Distance QR = \sqrt{(4 - 7)² + (3 - 6)²}

                  = \sqrt{(-3)² + (-3)²}

                  = \sqrt{9 + 9} = 3 \sqrt{2}

Distance RS = \sqrt{(1 - 4)² + (2 - 3)²}

                  = \sqrt{(-3)² + (-1)²}

                  = \sqrt{9 + 1} = \sqrt{10}

Distance PS = \sqrt{(1 - 4)² + (2 -5)²}

                  = \sqrt{(-3)² + (-3)²}

                  = \sqrt{9 + 9} =  3 \sqrt{2}

We see that the oposite sides are equal. Lets find the diagonal now,

Diagonal PR = \sqrt{(4 - 4)² + (3 -5)²}

                  = \sqrt{0 + 4} = 2

Diagonal QS = \sqrt{(1 - 7)² + (2 - 6)²}

                  = \sqrt{(-6)² + (-4)²}

                  = \sqrt{36 + 16} = \sqrt{52}

      We see that the diagonals are not equal.

So, clearly, the formed quadrilateral is a Parallelogram.

Class 10 Maths Ex 7.1 Question 7

Find the point on the x axis which is equidistant from (2, -5) and (-2, 9).

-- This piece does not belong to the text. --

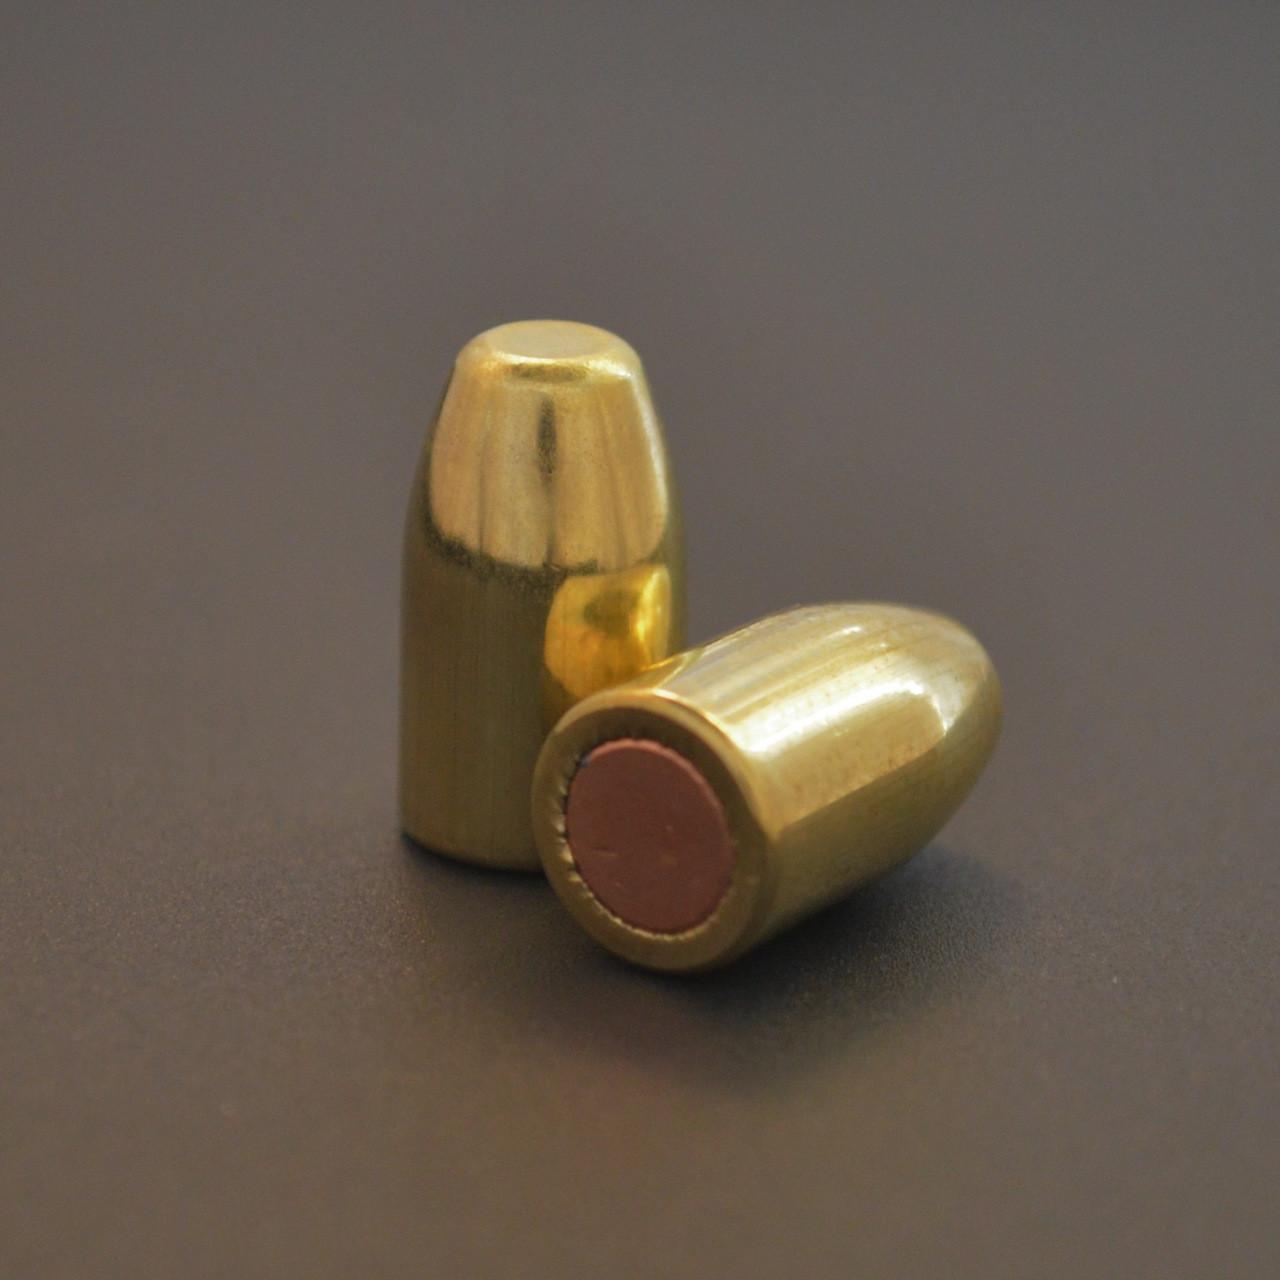 9mm/147gr CMJ - 100ct
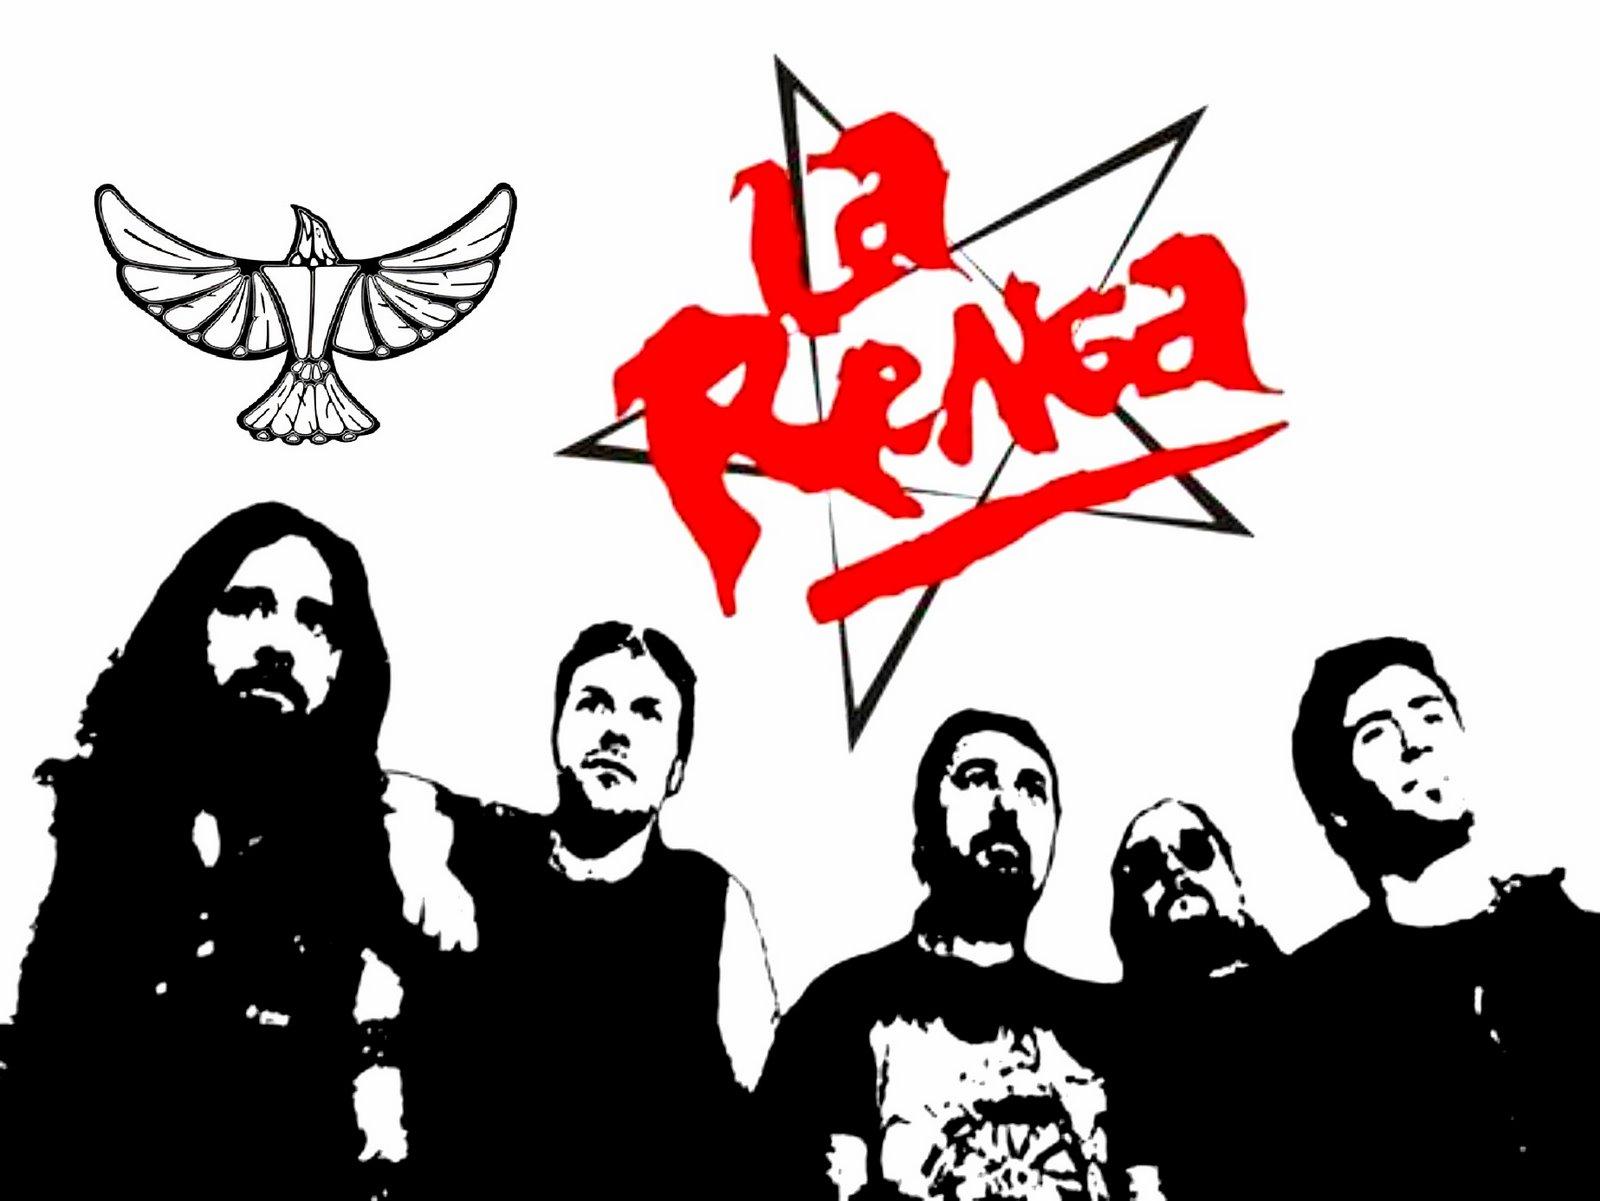 Images of La Renga | 1600x1201

Solution: Let the point on the X axis be (x, 0)

Given, distance between (2, -5), (x, 0) = distance between (-2, 9), (x, 0)

⇒ \sqrt{(x - 2)²+(0 - (-5))²} = \sqrt{(x - (-2) )²+(0 - 9)²}

  ⇒ (x – 2)² + 5² = (x + 2)² + 9² [squaring both sides]

  ⇒ x² – 4x + 4 + 25 = x² + 4x + 4 + 81

  ⇒ -4x -4x = 85 – 29

  ⇒ -8x = 56  ⇒ x = \cfrac {56} {-8}

  ⇒ x = -7

Therefore, The required point on the x axis is (-7, 0).

Class 10 Maths Ex 7.1 Question 8

Find the value of y for which the distance between the points P(2, -3) and Q(10, y) is 10 unites.

Solution: Given that,

Distance Between P(2, -3) and Q(10, y) = 10 unites

⇒ \sqrt{(10 - 2)² + (y - (-3) )²} = 10

⇒ (8)² + (y + 3)² = 100  [squaring both sides]

⇒ 64 + y² + 6y + 9 = 100

⇒ y² + 6y + 73 – 100 = 0

⇒ y² + 6y – 27 = 0

⇒ y² +9y – 3y – 27 = 0

⇒ y(y + 9) – 3(y + 9) = 0

⇒ (y + 9)(y – 3) = 0

So, y + 9 = 0 OR y – 3 = 0

⇒ y = – 9 OR y = 3

Therefore, Required y = -9 or 3

Class 10 Maths Ex 7.1 Question 9

If Q(0, 1) is equidistant from P(5, -3) and R(x, 6), Find the value of x. Also find the distance QR and PR.

Solution: Given that,

Distance QR = Distance QP

⇒ \sqrt{(x - 0)² + (6 - 1 )²} = \sqrt{(5 - 0)² + (-3 - 1)²}

  ⇒ x² + 25 = 25 + 16

    ⇒ x² = 16

   So, x = ±√16 = ±4

   Now, For x = 4

QR = \sqrt{(4 - 0)² + (6 - 1 )²} = \sqrt{16 + 25} = \sqrt{41}

PR = \sqrt{(x - 5)² + (6 - (-3) )²}

     = \sqrt{(4 - 5)² + (6 +3 )²}

     = \sqrt{1 + 81} = \sqrt{82}

        For x = -4,

QR = \sqrt{(-4 - 0)² + (6 - 1 )²} = \sqrt{16 + 25}

     = \sqrt{41}

PR = \sqrt{(x - 5)² + (6 - (-3) )²}

     = \sqrt{(-4 - 5)² + (6 +3 )²}

     = \sqrt{81 + 81} = 9 \sqrt{2}

Therefore, Required value of x = ±4 and QR = √41 and PR = √82 or 9√2

Class 10 Maths Ex 7.1 Question 10

Find a relation between x and y such that the point (x, y) is equidistant from the points (3, 6) and (-3, 4).

Solution: Given that,

Distance between (3, 6), (x, y) = Distance between (-3, 4), (x, y)

⇒ \sqrt{(x - 3)² + (y - 6)²} = \sqrt{(x - (-3))² + (y - 4)²}

⇒ (x – 3)² + (y – 6)² = (x +3)² + (y – 4)² [squaring both sides]

⇒ x² – 6x + 9 + y² -12y + 36 = x² + 6x + 9 + y² – 8y + 16

⇒ – 6x – 6x -12y + 8y + 45 – 25 = 0

⇒ – 12x – 4y + 20 = 0   [divide both side by -4]

⇒ 3x + y – 5 = 0

      — Which is the required condition.